:: RECORDED DATA ::
┄┄┄┄┄┄┄┄┄┄
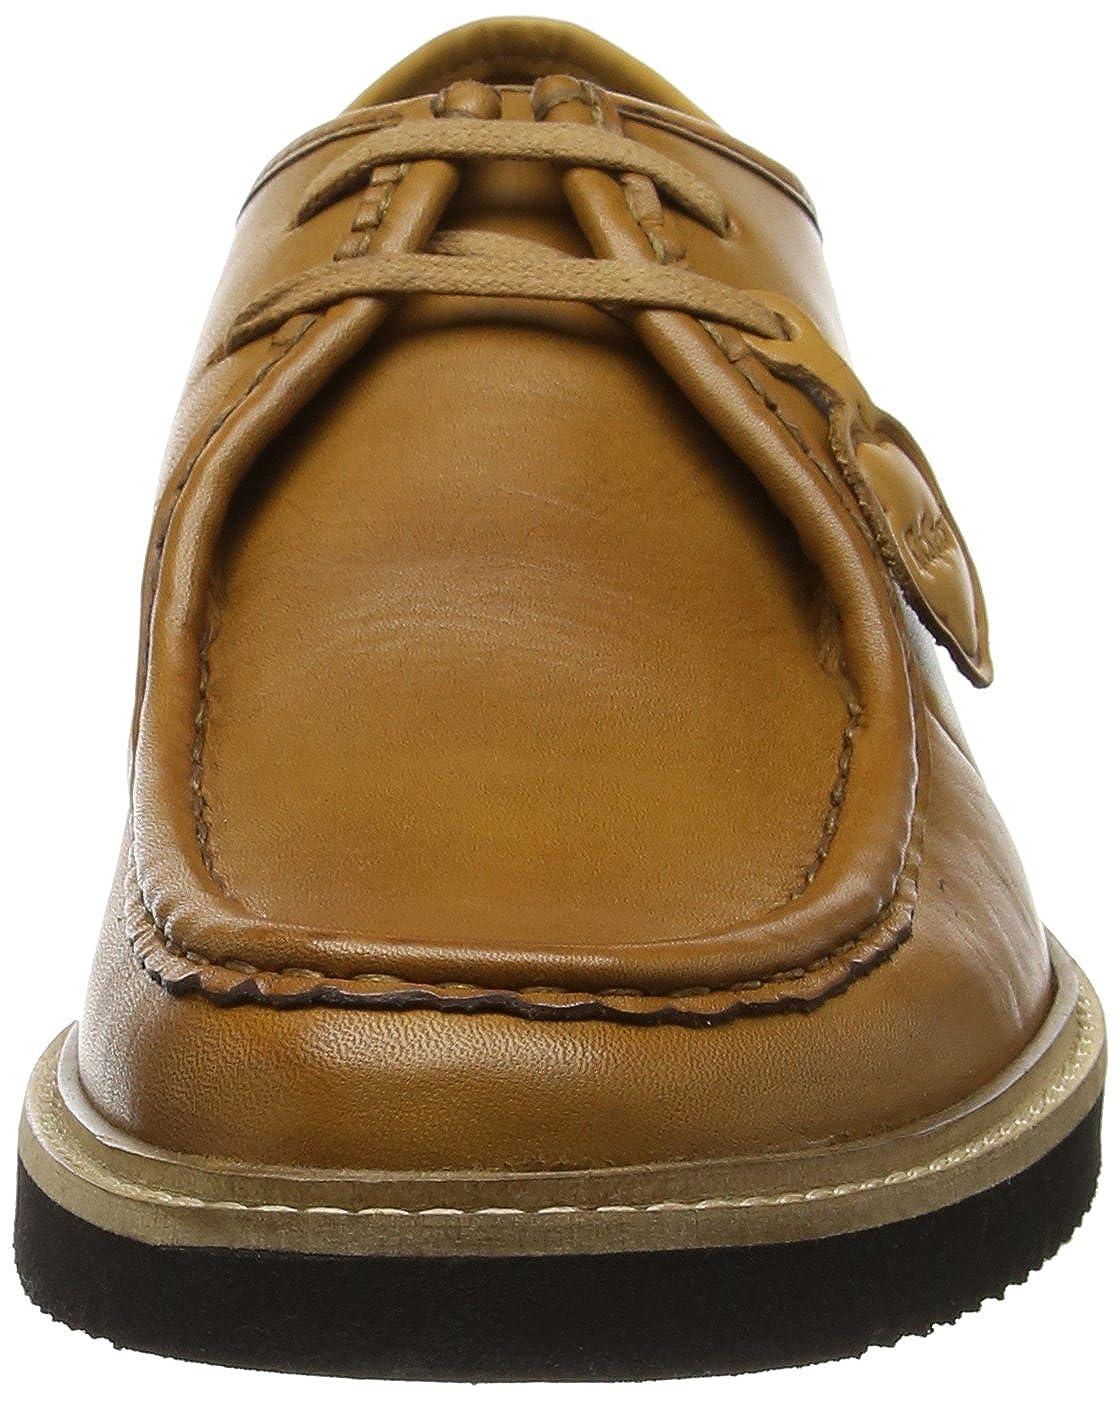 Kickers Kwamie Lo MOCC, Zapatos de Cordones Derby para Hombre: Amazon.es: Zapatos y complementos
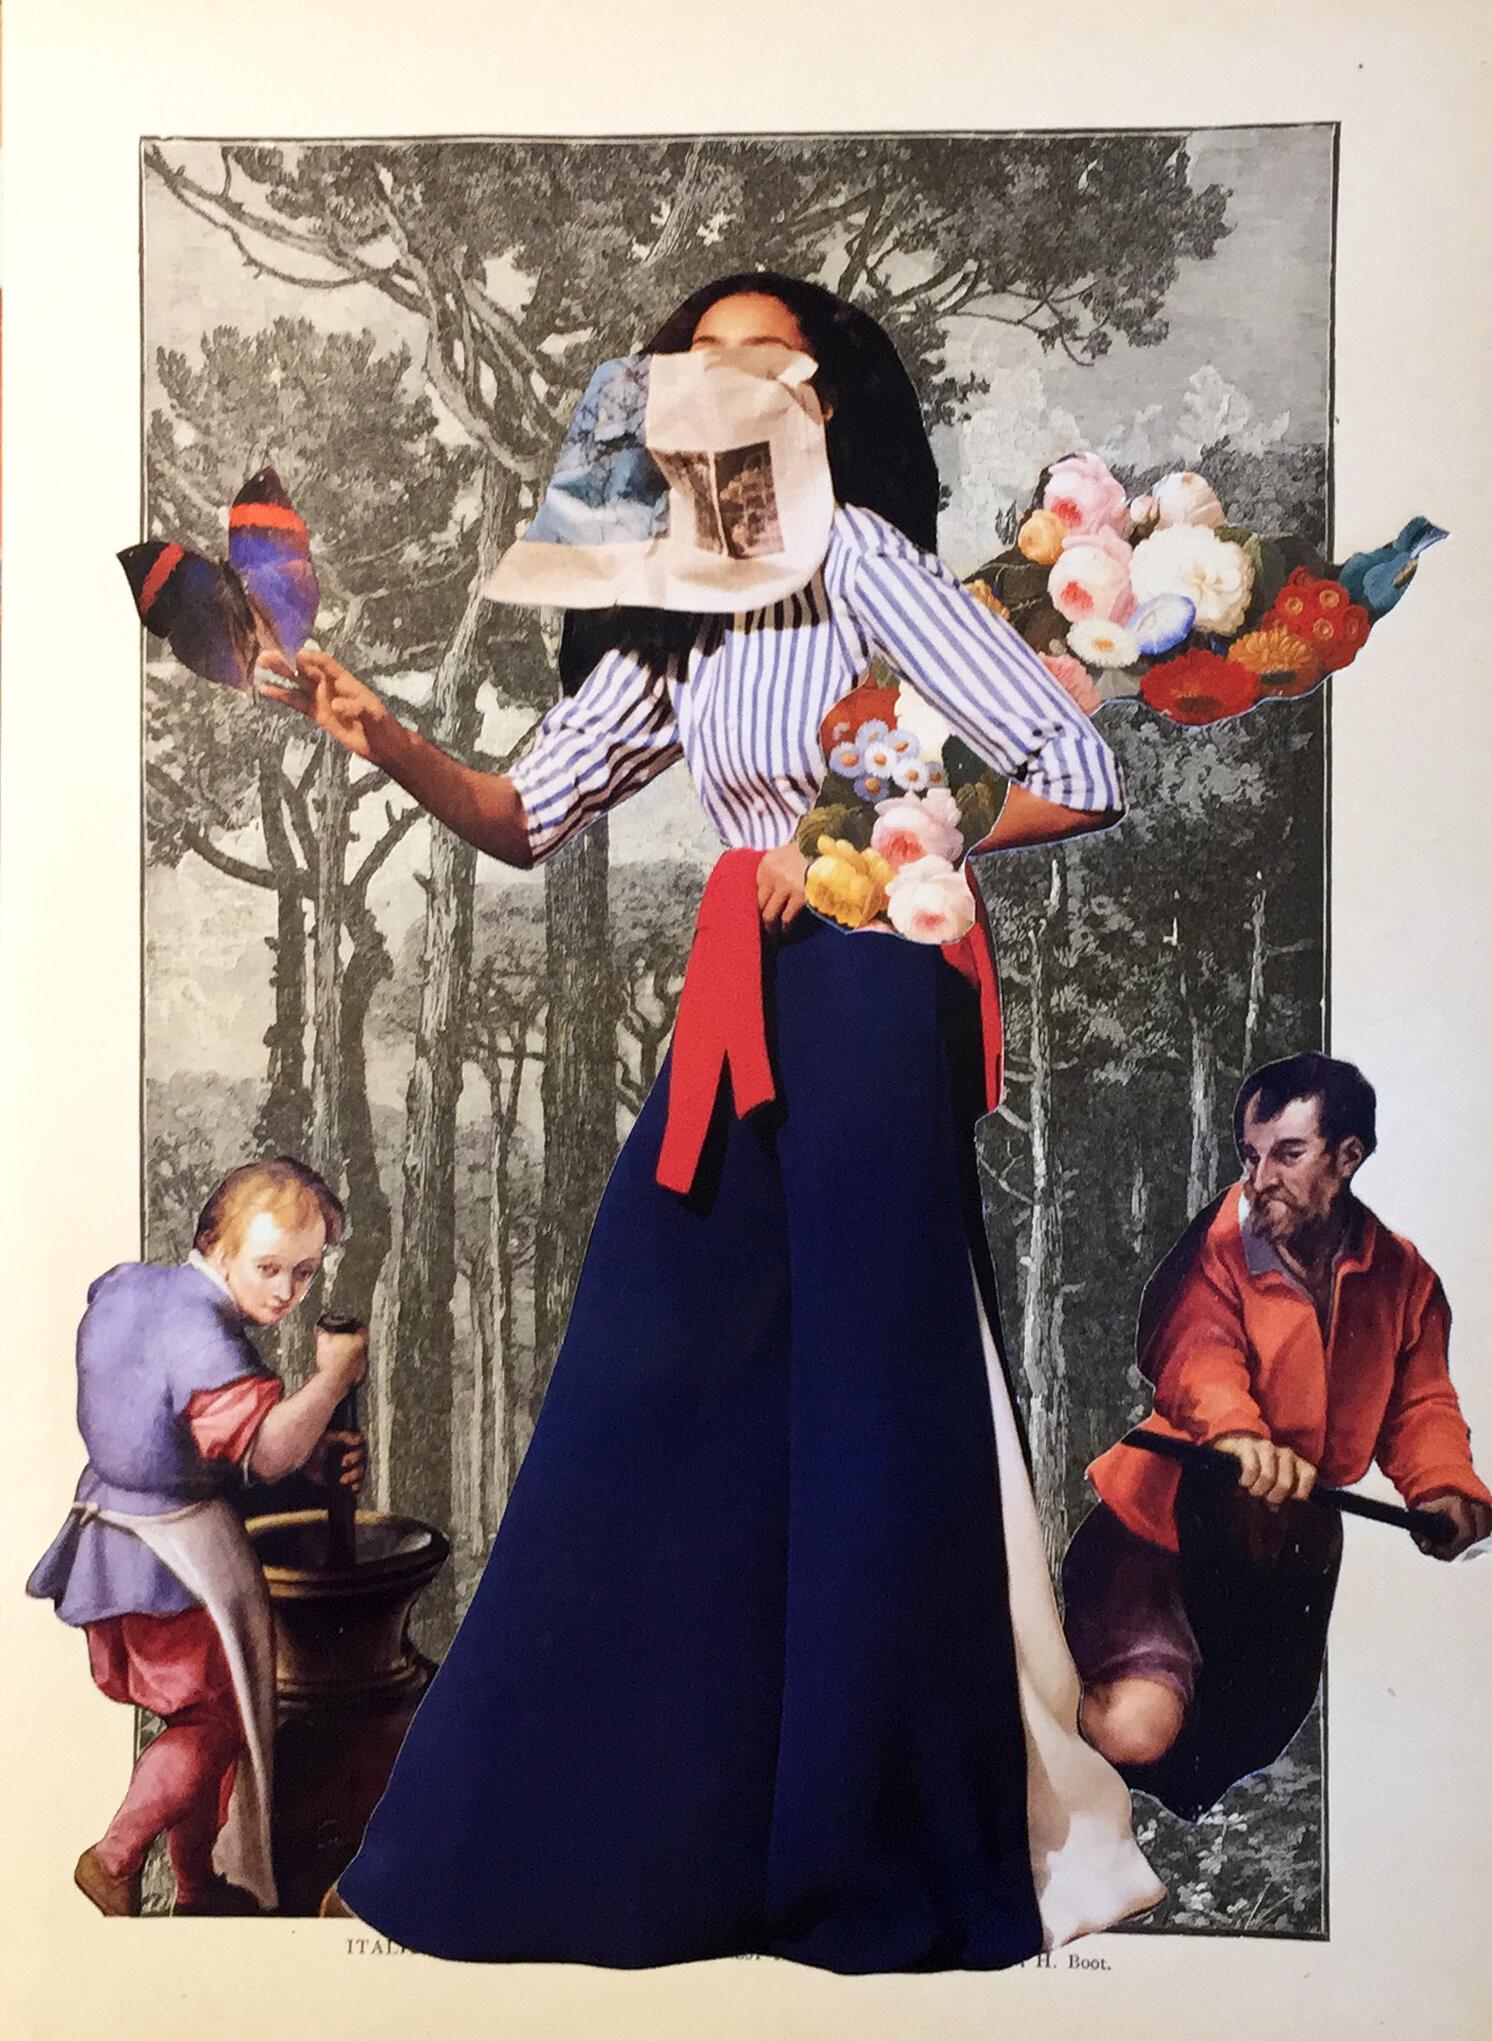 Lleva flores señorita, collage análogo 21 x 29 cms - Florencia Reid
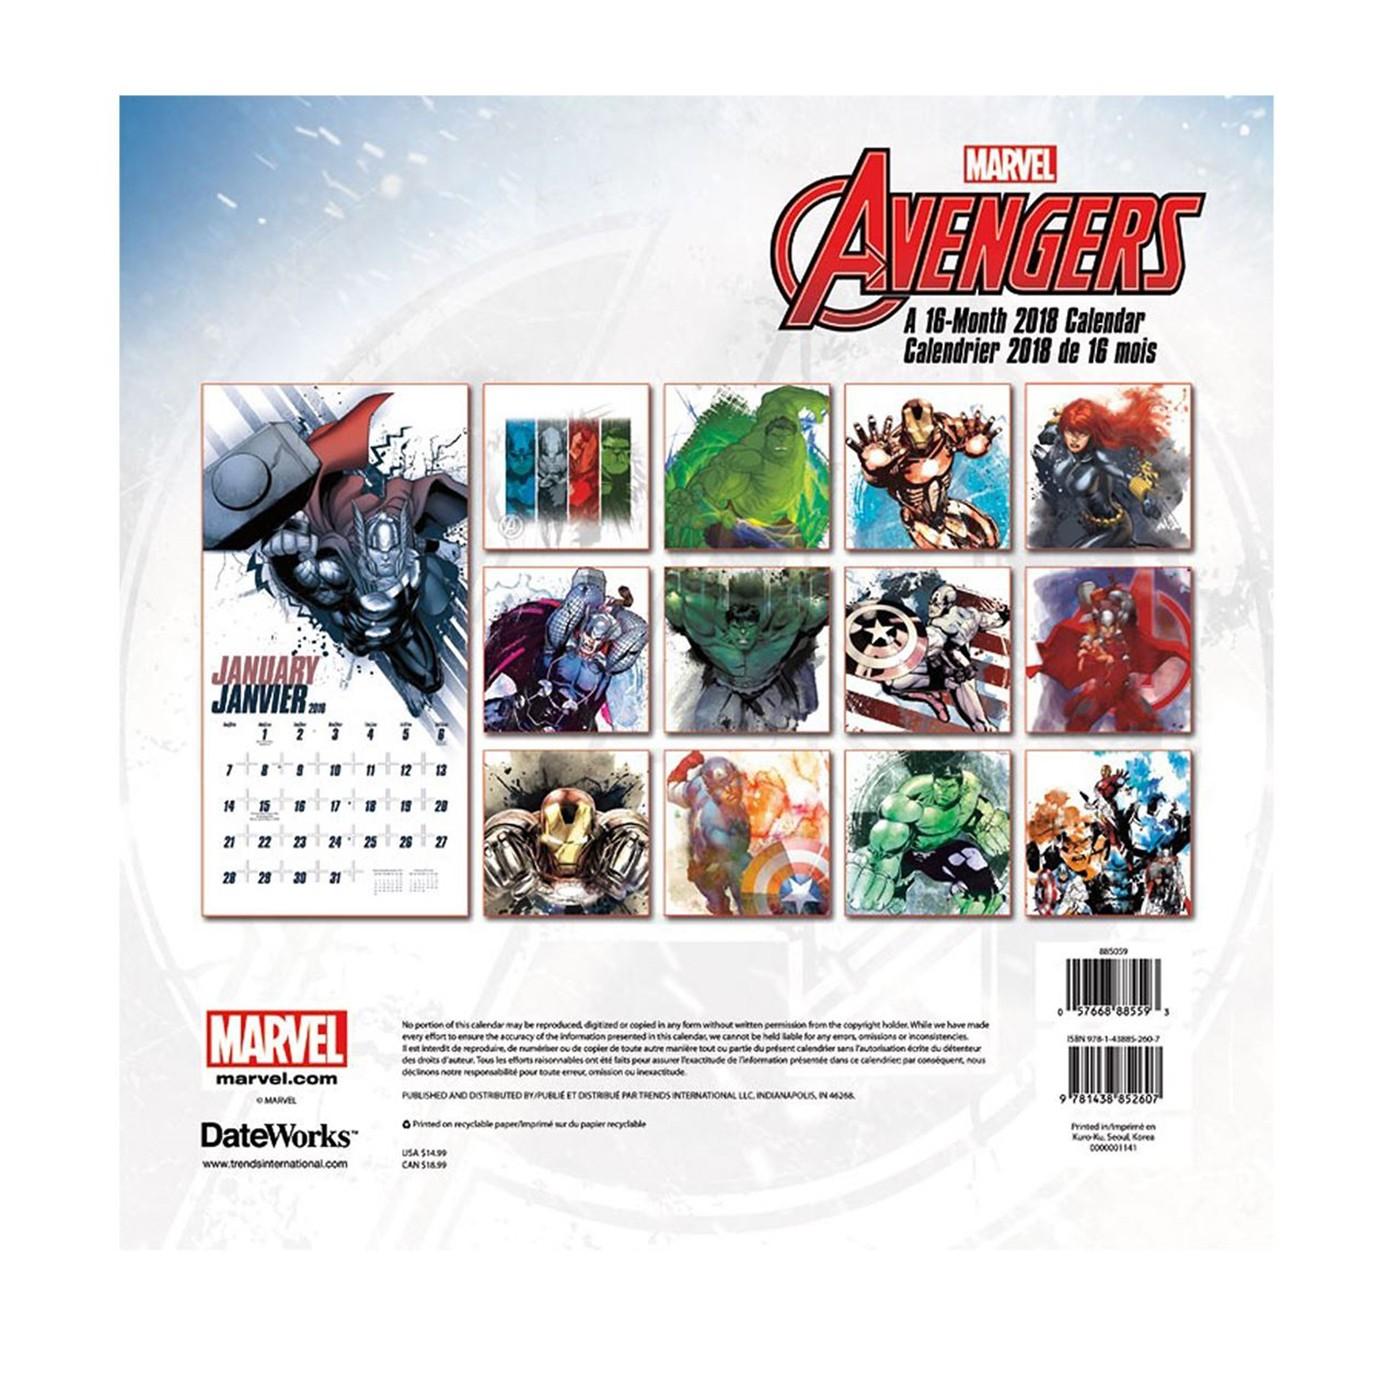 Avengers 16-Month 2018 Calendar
┄┄┄┄┄┄┄┄┄┄
:: PROBLEM DESCRIPTION ::
Any picture in the data is to be skipped, while each line is returned exactly as written.

:: PROBLEM SOLUTION ::
 Kickers Kwamie Lo MOCC, Zapatos de Cordones Derby para Hombre: Amazon.es: Zapatos y complementos
 Lleva flores señorita, collage análogo 21 x 29 cms - Florencia Reid
 Avengers 16-Month 2018 Calendar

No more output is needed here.